Welcome aboard! Answer what you can, ask what you want. Those are my best words of advice. Well those and, try to ignore Hughsie and Gafftaper, they can be .........Odd.


----------



## gafftaper (Oct 16, 2007)

I'm not Odd I'm EVEN!!
_at least that's what the man in the white coat says my medication is for_

Welcome to the Booth! Ask questions if you have them and share what you know. Get to know the search function there is a METRIC ton of information already available in the archives. There are lots of nice people around here who are eager to encourage and teach young technicians to develop their skills. We also have fun once in a while.


----------



## len (Oct 16, 2007)

Raktor said:


> [*]Dislike school politics where staff members who know less than students make all the technical decisions
> [*]Dislike students complaining about the above
> [/LIST]



The world is usually managed by those who don't know how to operate anything and operated by those who aren't in charge of anything.


----------



## Van (Oct 16, 2007)

len said:


> The world is usually managed by those who don't know how to operate anything and operated by those who aren't in charge of anything.


 
Is that like the old saying;
" We, the unwilling,
Led by the unkowing,
Have done so much,
with so little,
for so long,
that we are now capable
of doing anything, with nothing."


----------



## gafftaper (Oct 16, 2007)

Sadly I have to say get used to it.

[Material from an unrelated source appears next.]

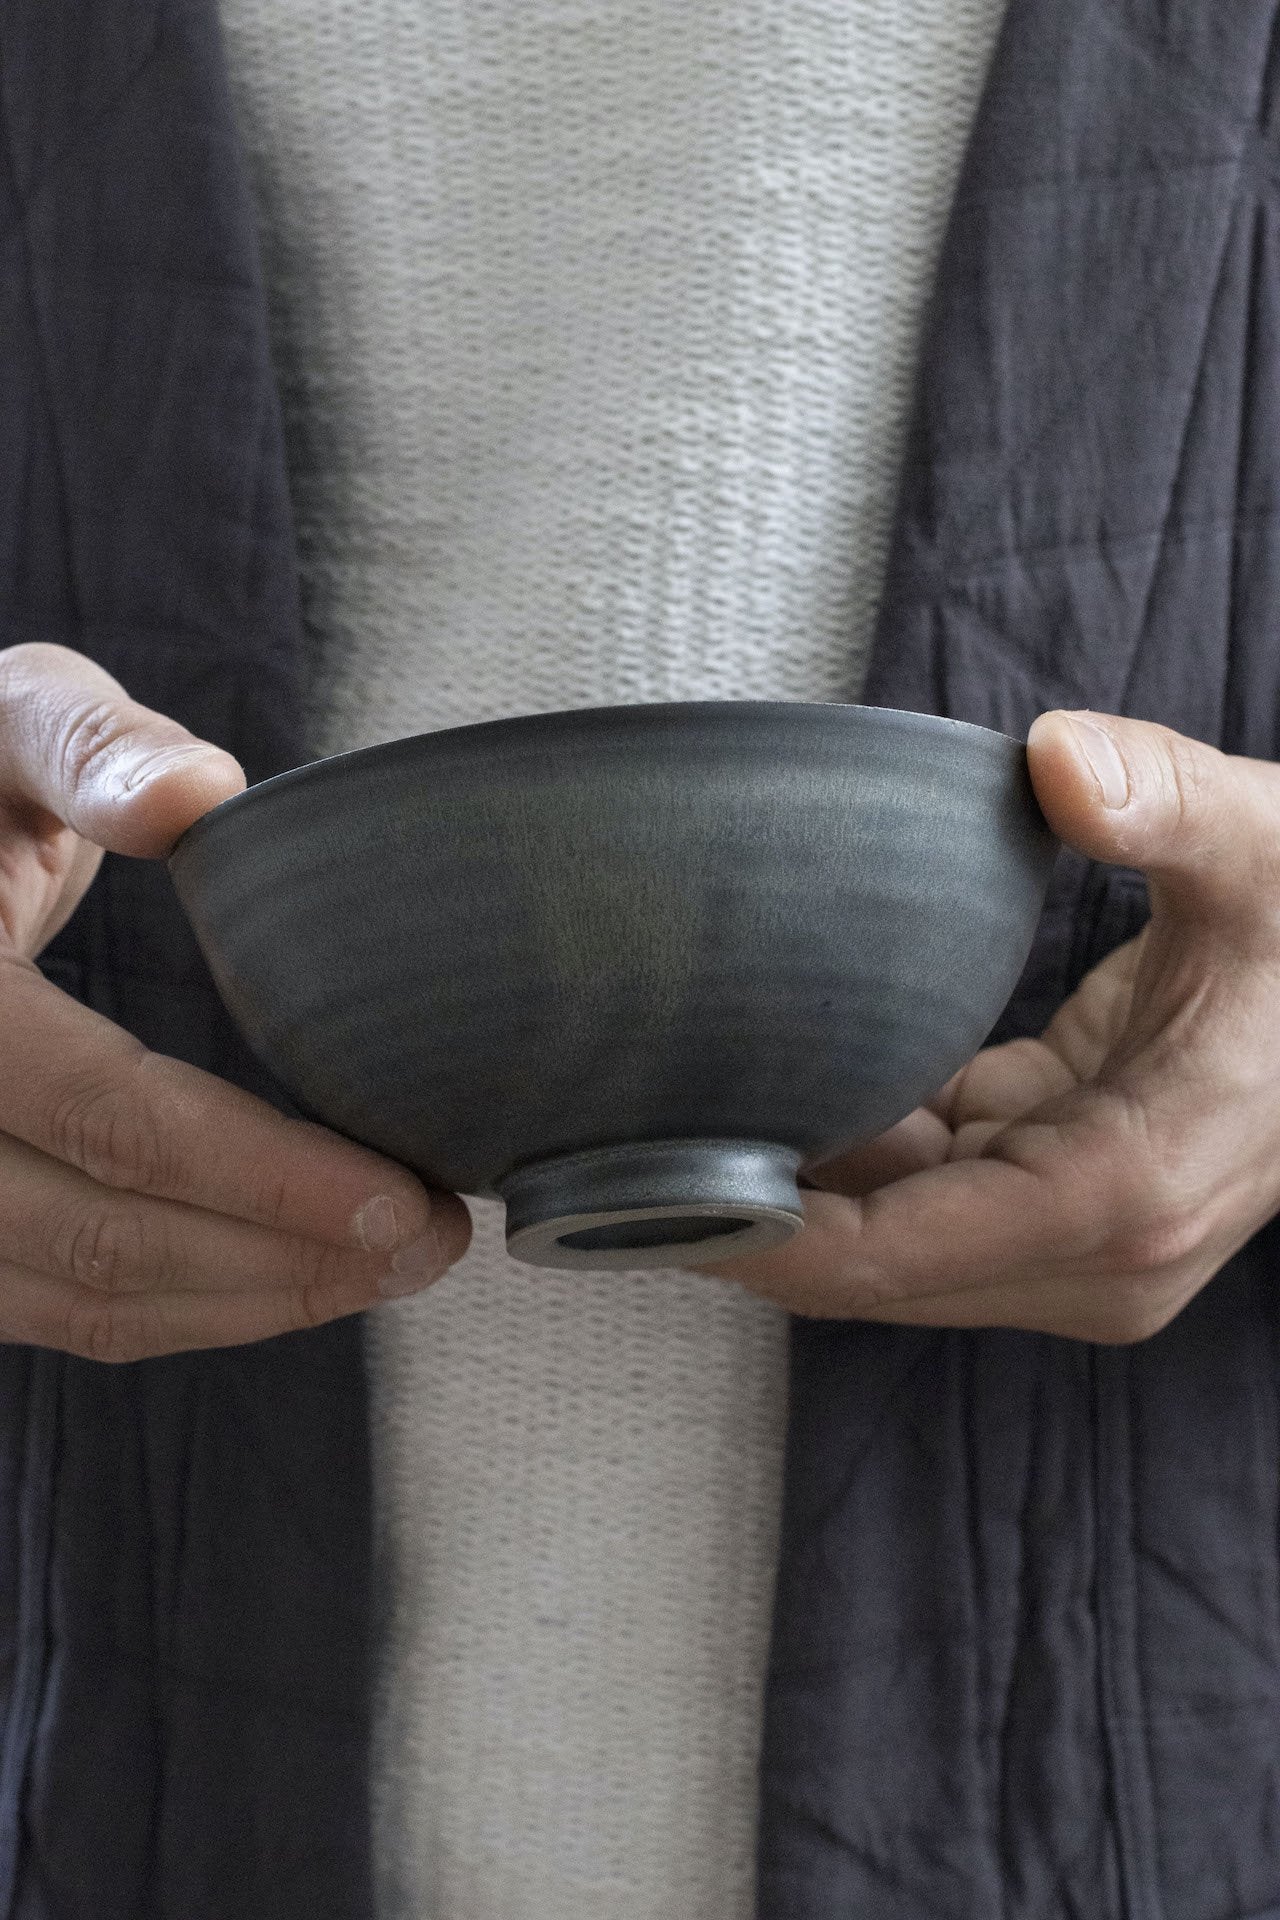 Small Footed Bowl | Pearl Grey | by Borja Moronta - Lifestory - Borja Moronta

It doesn't go away in college, in the working world, on Broadway, in theater or not in theater... 80 years from now when you are in a home and just need a little medicine so you can spend your last days in peace, someone who has no idea what your problem is will be deciding if you get that medicine or not. 

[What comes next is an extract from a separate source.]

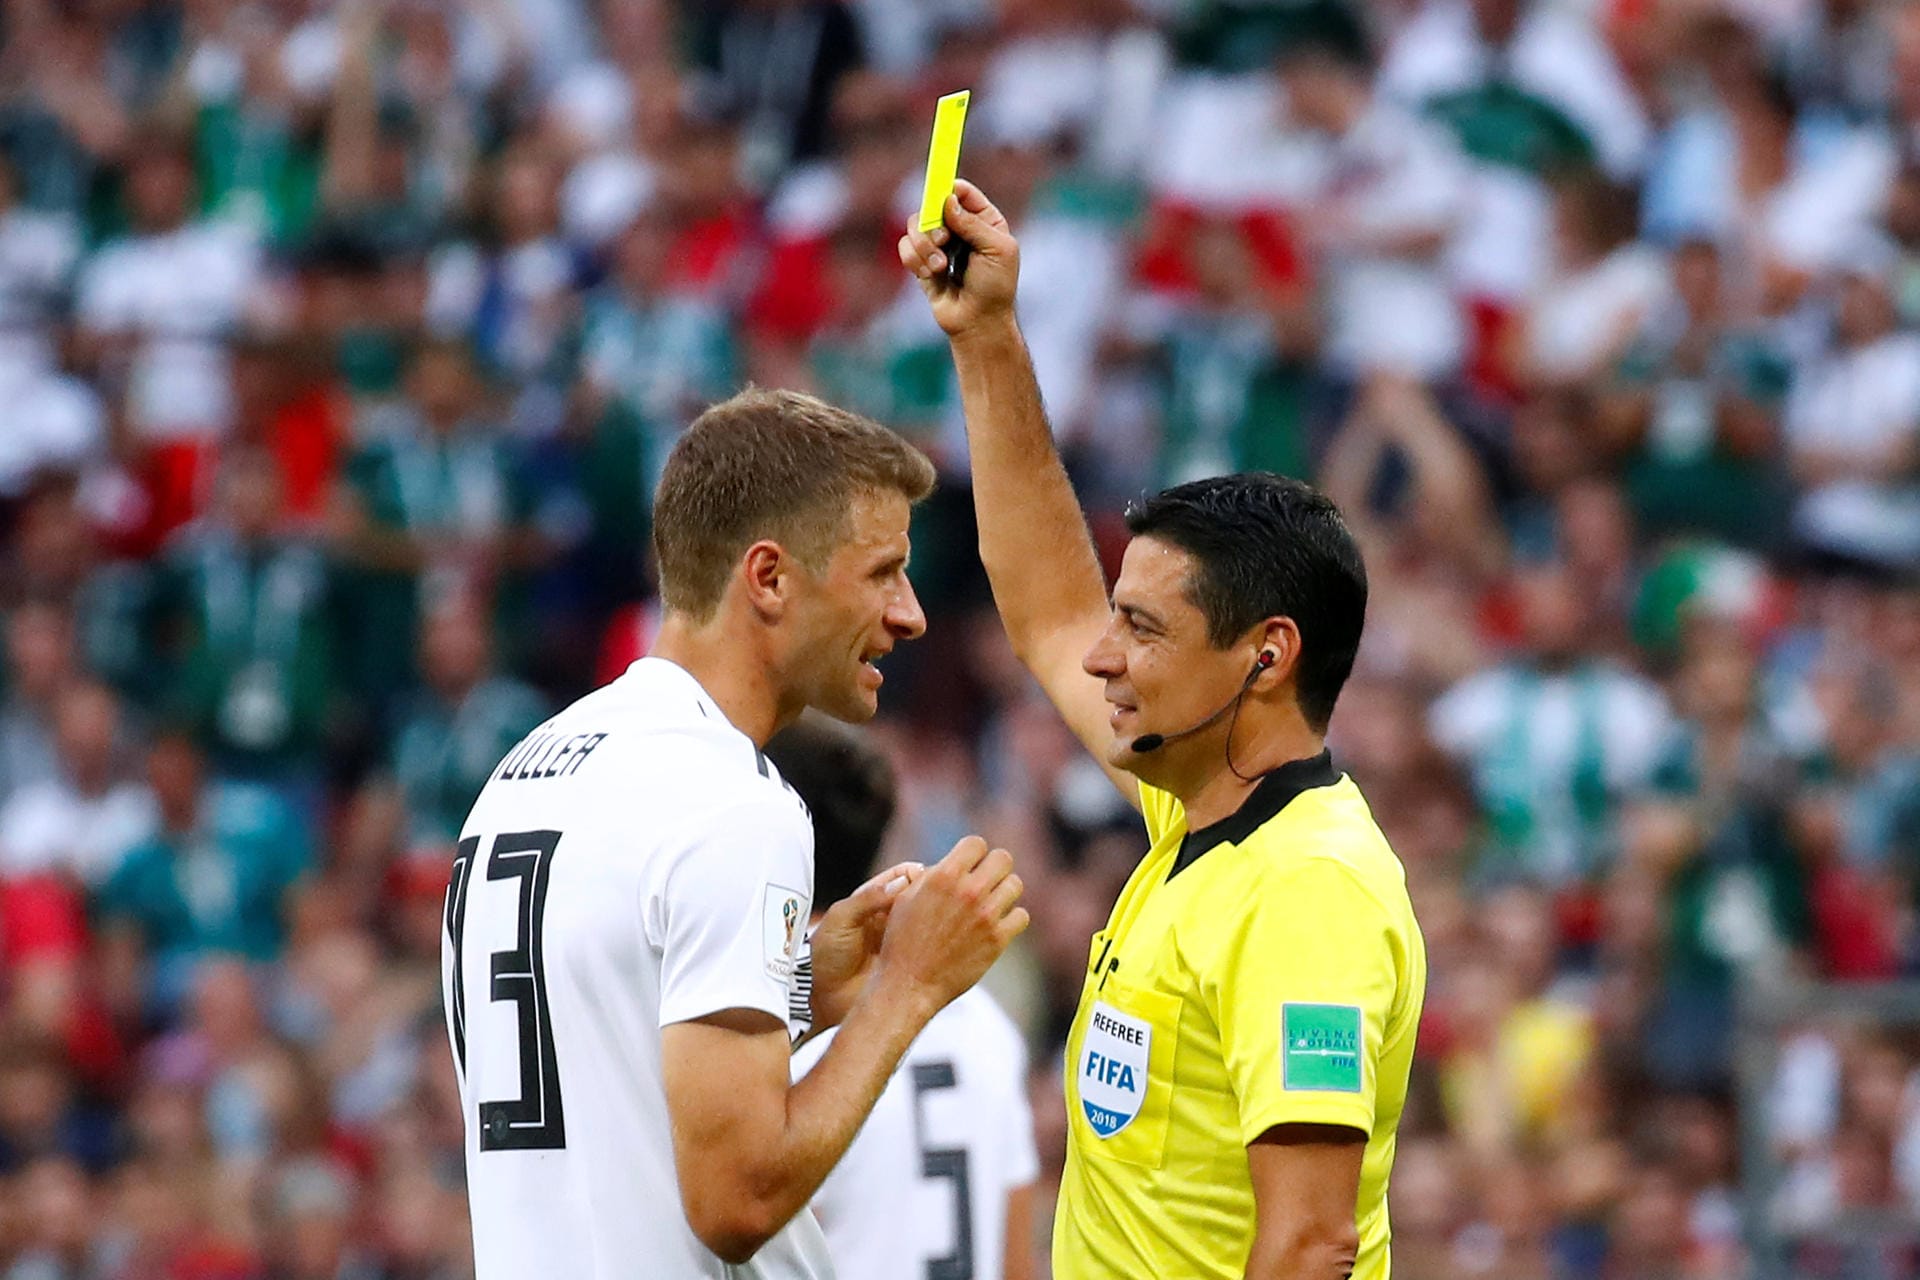 Thomas Müller sieht nach Foulspiel Gelb: Die erste gelbe Karte für Deutschland bei dieser WM.
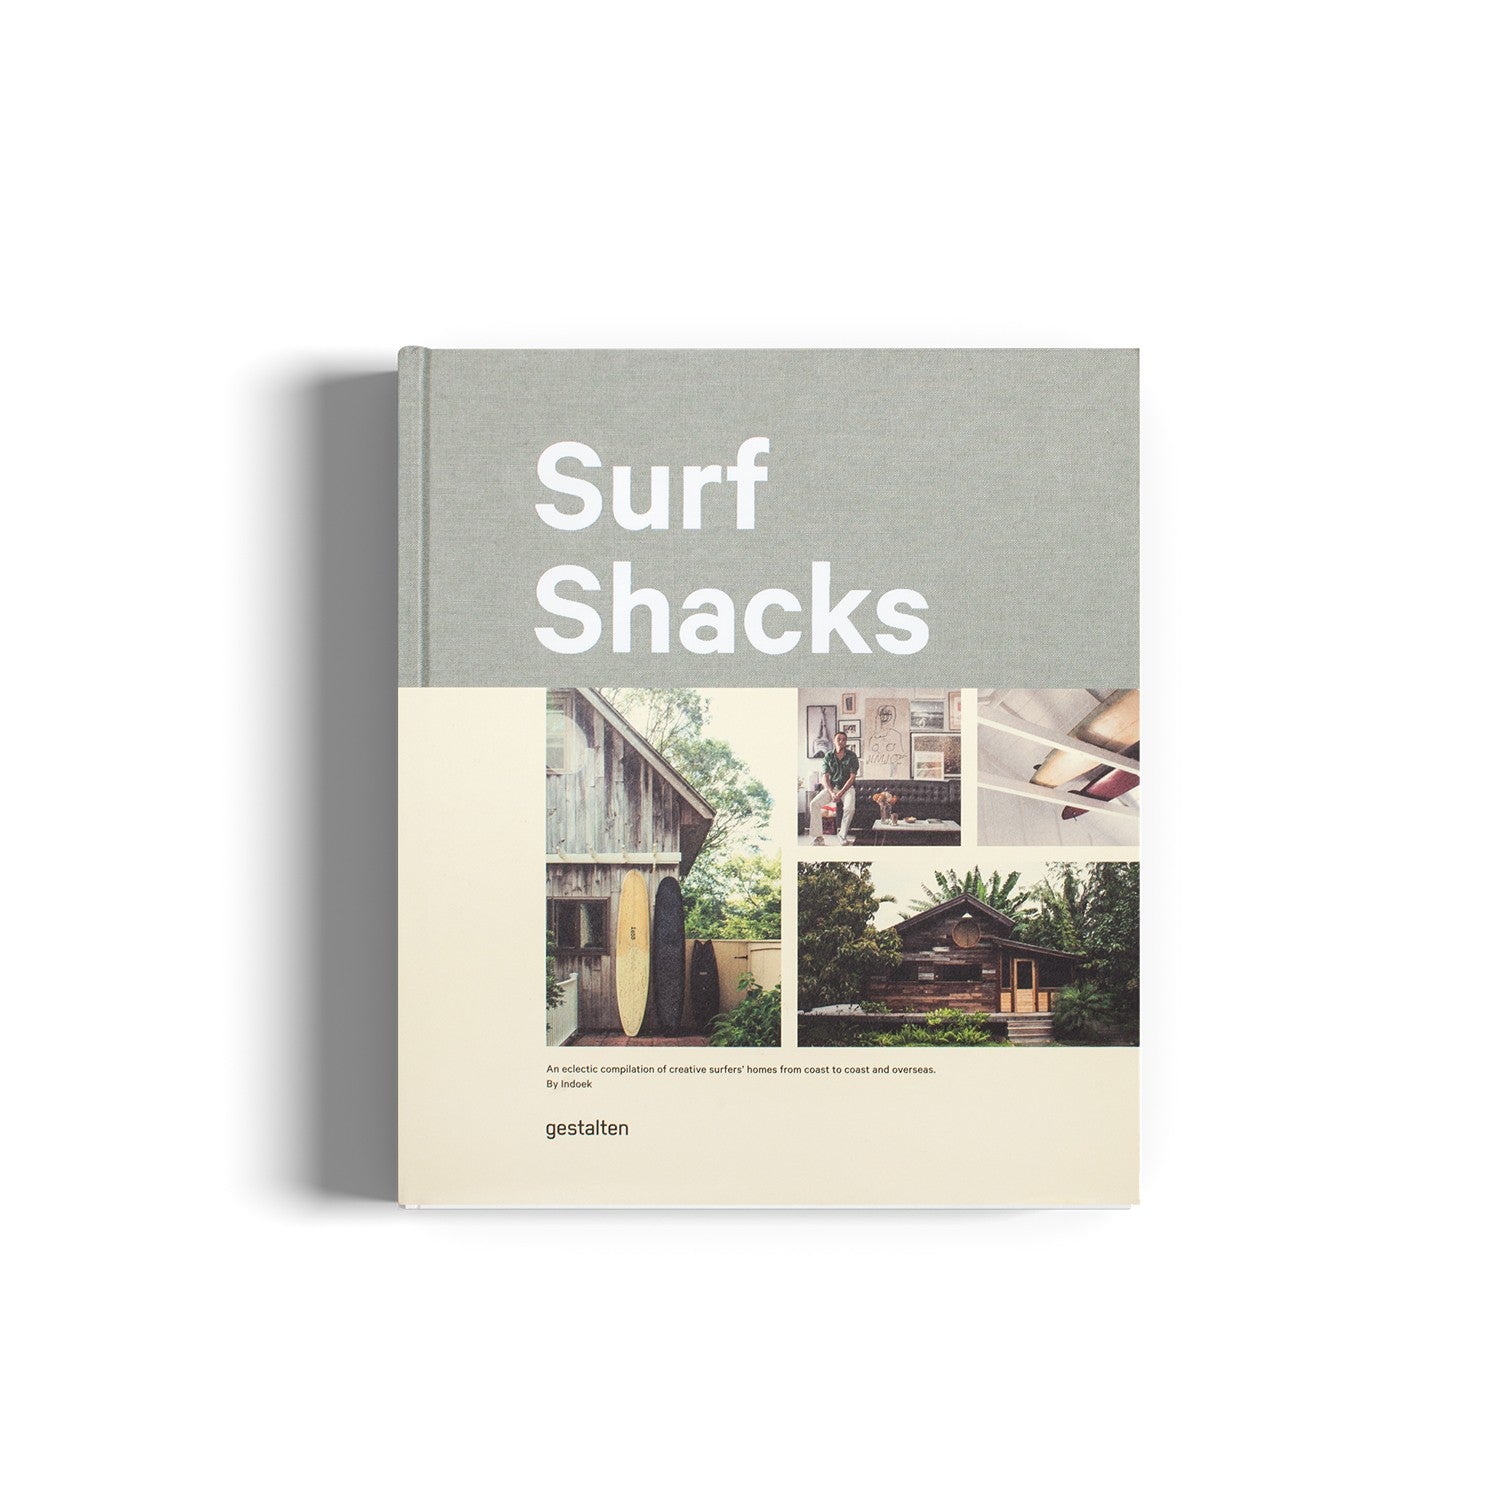 Surf Shacks Vol.1, Creative surfers' homes

We all hate it but that's the way it works. So learn to work with it and change what you can and accept what you can't change.


----------



## avkid (Oct 16, 2007)

gafftaper said:


> Learn to work with it and change what you can and accept what you can't change.


The serenity prayer-
"Dear God,
Grant me the serenity to accept
the things I cannot change;
Courage to change the
things I can;
And wisdom to
know the difference."


----------



## Van (Oct 16, 2007)

avkid said:


> The serenity prayer-
> "Dear God,
> Grant me the serenity to accept
> the things I cannot change;
> ...


 
I lIke this version as well,
""Dear God, grant me the serenity to prioritize 
the things I cannot delegate,
the courage to say 'no' when I need to,
and the wisdom to know when to go home."


----------



## gafftaper (Oct 16, 2007)

Isn't there an old T.D.'s version that goes...

"Dear God,
Grant me the serenity to accept
the things I cannot change;
Courage to change the things I can;
And wisdom to know where to hide the bodies."


----------



## Raktor (Oct 17, 2007)

Website: http://raktor.net/ and http://bsodtv.org/

raktor.net is my personal site - Links to all of my other homes around the internet where I can be found. BSoD is an IPTV show that I'm the web developer of, and I contribute segments occasionally.

I work at just a local computer store; fixing and building new computers.

Tech-wise, I do things with school, local theatre groups etc. I mainly end up doing their shows in the Frankston Arts Centre or George Jenkins Theatre.

Metric > Imperial.

240v > 120v.


----------



## Hughesie (Oct 17, 2007)

he welcome to the site, fellow melbournite

don't mind gafftaper, he doesn't bite...hard (enless you state that metric is better than 1900's imperial  )
and im not that bad either

it's good to have another young aussie


----------



## gafftaper (Oct 17, 2007)

This could be dangerous having two young Aussies from the same city around here... Wait a minute... I believe I've quite conclusively proven that Jervas is an invisible friend of Logos, created to bolster his side of the great metric war. We may need to do some more research here to prove that Hughesie isn't having a similar mental break down. For all I know everyone in Oz may have an invisible friend who likes to post. 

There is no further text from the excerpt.